> **Given records**
- Opening Delimiter -

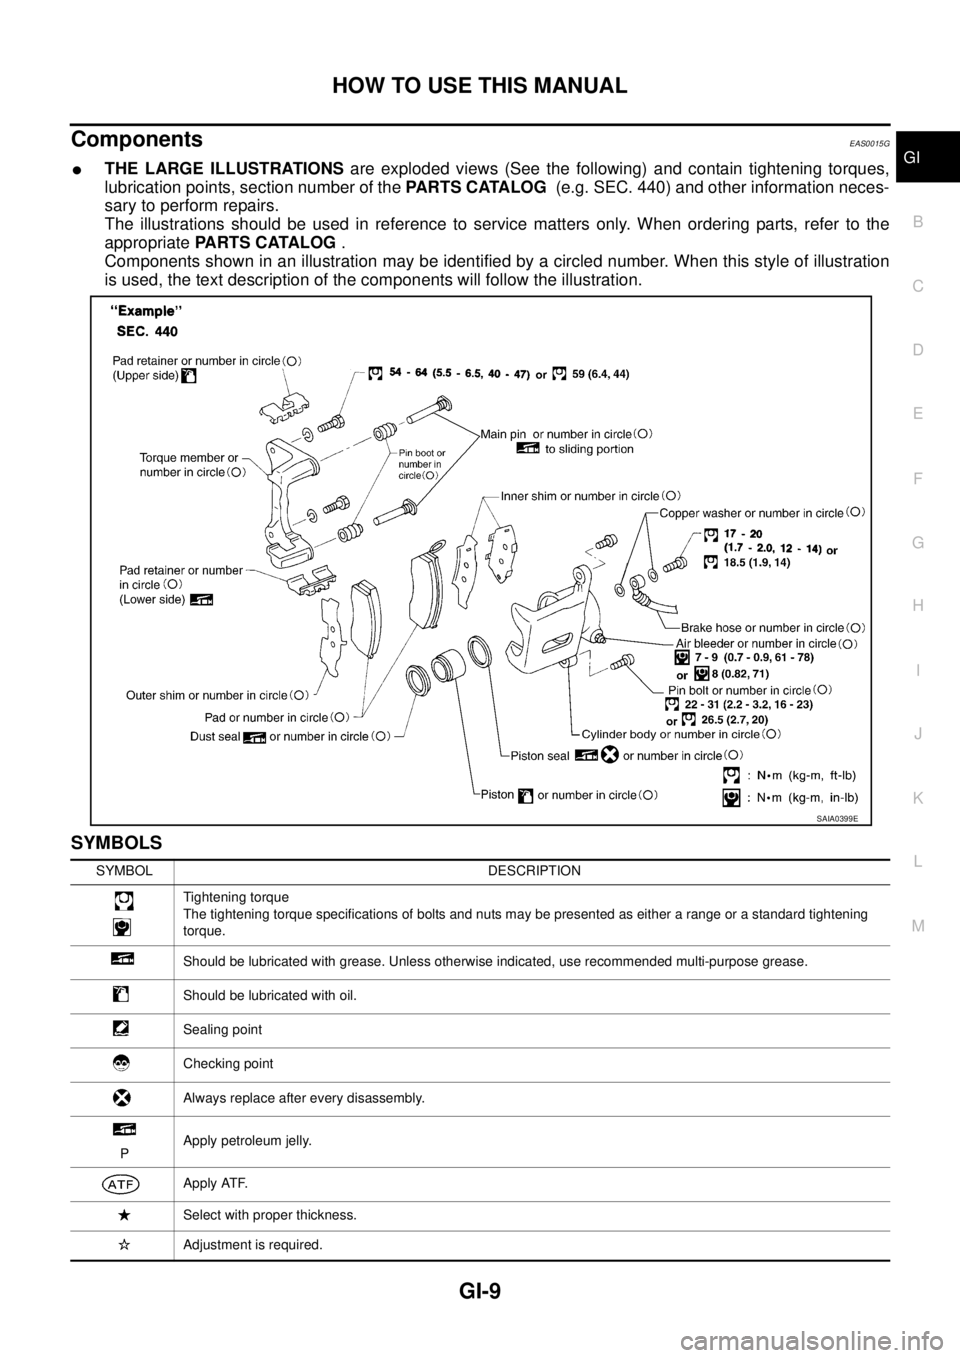 NISSAN X-TRAIL 2003  Service Repair Manual HOW TO USE THIS MANUAL
GI-9
C
D
E
F
G
H
I
J
K
L
MB
GI
 
ComponentsEAS0015G
THE LARGE ILLUSTRATIONS are exploded views (See the following) and contain tightening torques,
lubrication points, section n
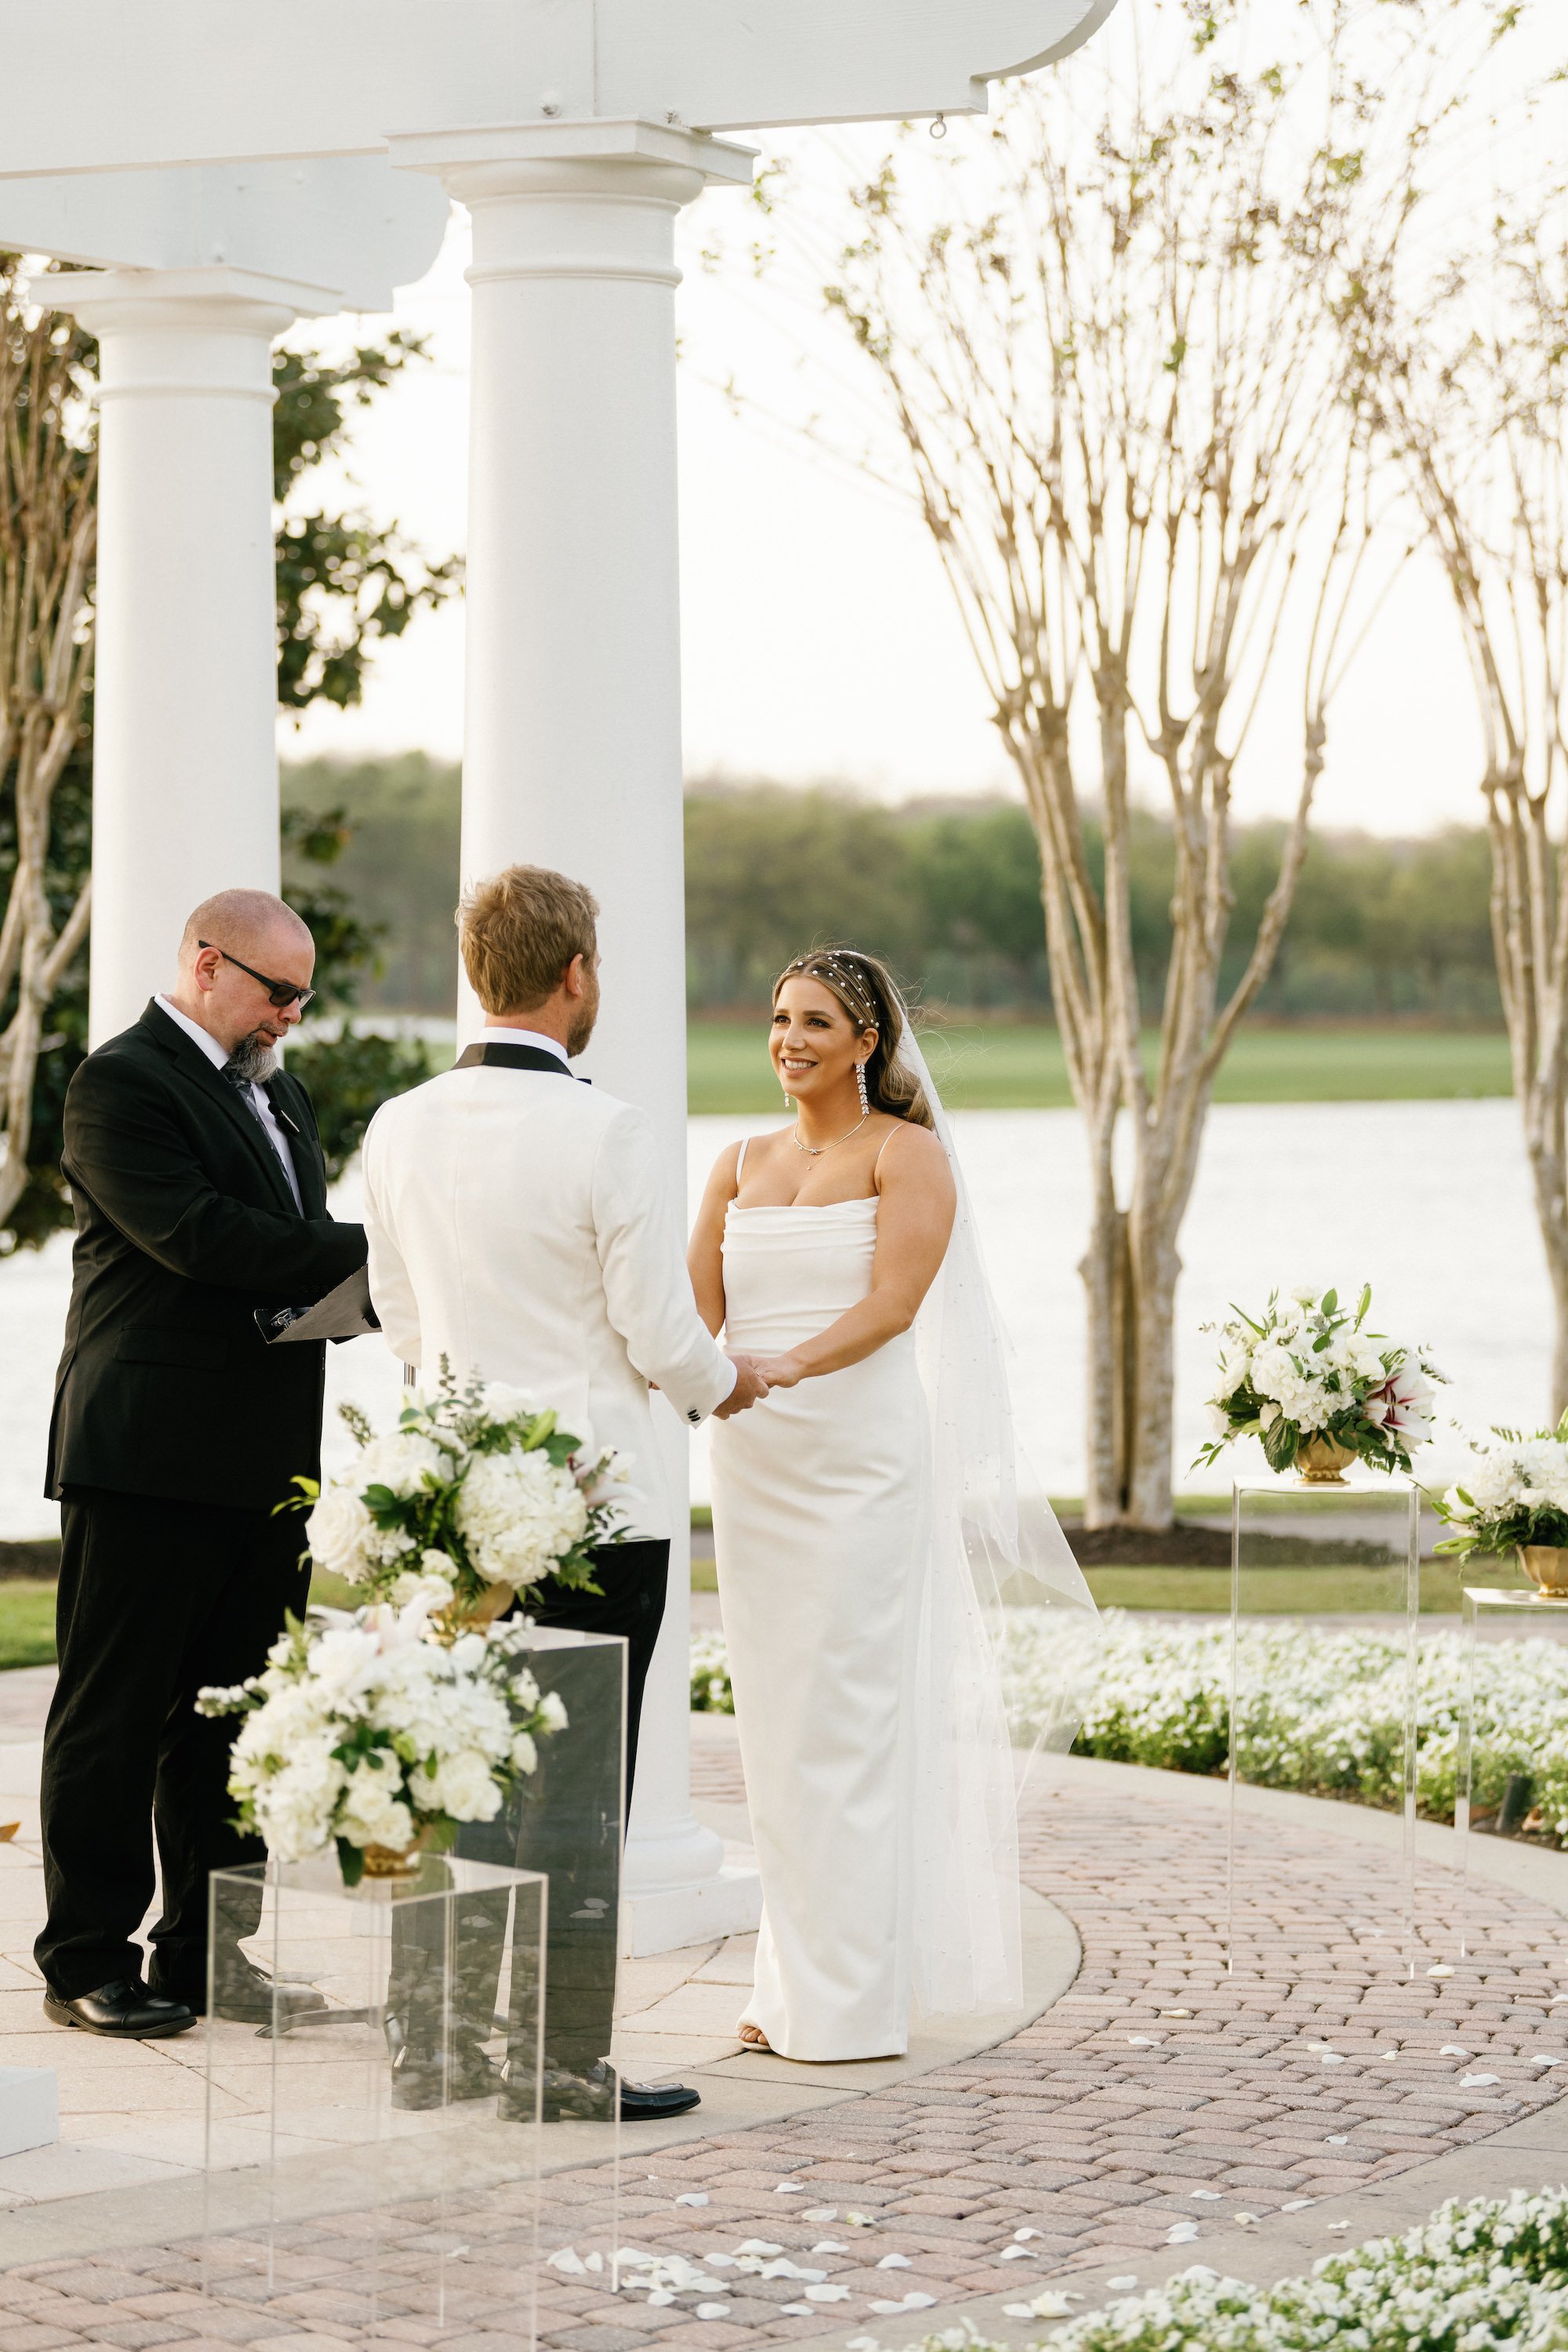 22Timeless White Courtyard Wedding | Ritz Carlton Orlando | Photographers Dewitt for Love Photography.jpg

- Closing Delimiter -

> **Exercise instructions**
Write out exactly the lines from the one containing "ComponentsEAS0015G" through the last line of the records above, both ends included, and leave out any pictures.

> **Exercise solution**
ComponentsEAS0015G
THE LARGE ILLUSTRATIONS are exploded views (See the following) and contain tightening torques,
lubrication points, section n
 22Timeless White Courtyard Wedding | Ritz Carlton Orlando | Photographers Dewitt for Love Photography.jpg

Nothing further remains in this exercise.